The authors communicated extensively with the reviewers to clarify concerns, which led to most reviewers agreeing to accept the work. Specifically, most reviewers agreed that this work provides a novel method that offers significant improvements. The main concern from the dissenting reviewer is that the proposed method requires meaningful feature names to be present in the tabular data that it operates on.
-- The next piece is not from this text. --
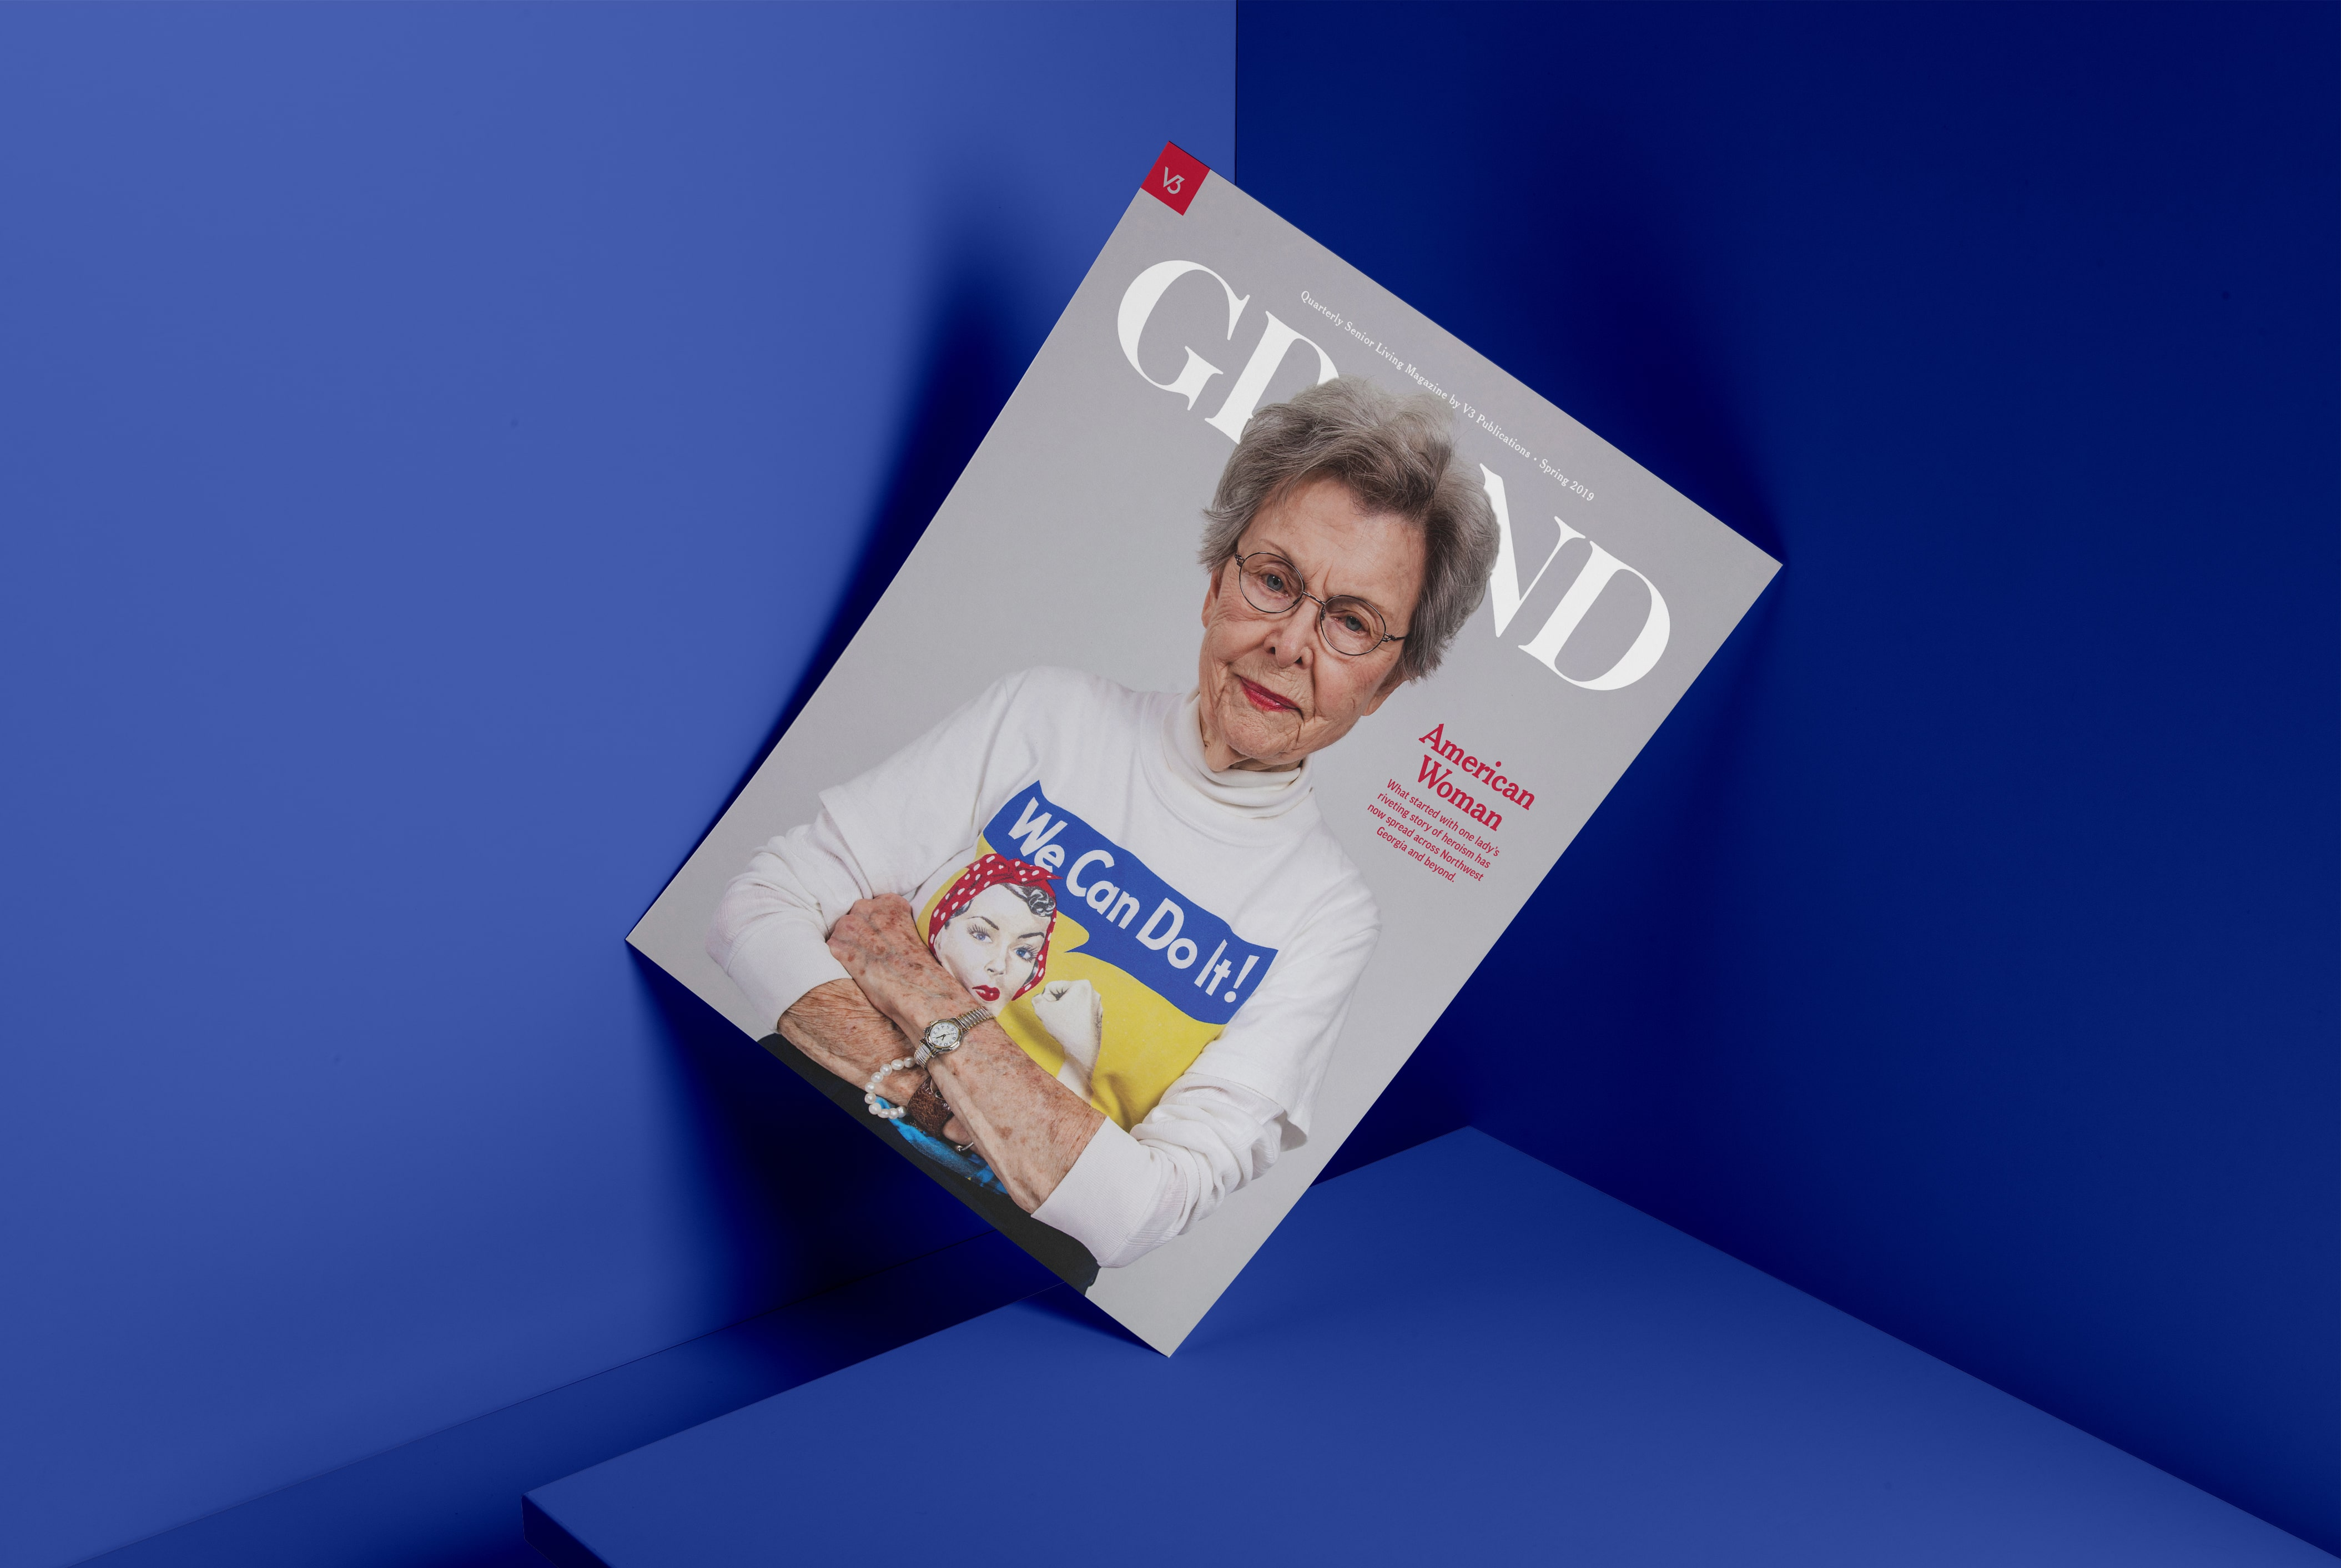 v3 grand magazine cover design

While this is a valid limitation that should be noted in the work, many tabular datasets, including the six real-world datasets considered in this work (five in Sec. 5.1, one in 5.2) do have descriptive feature names. The results generally demonstrate that this technique can yield nontrivial gains in those settings. Additionally, concerns around the level of technical contribution were surfaced by the dissenting reviewer. However, the majority of reviewers express positive views on the level of technical novelty. The combination of LLM-based hypothesis generation and statistical verification is particularly effective (Tab. 2) and novel in this context.
Given this, the recommendation is to accept this work on the ground of its strong results and nontrivial technical novelty. The authors are encouraged to address all the noted concerns, including the method's reliance on meaningful feature names noted by reviewer ctad.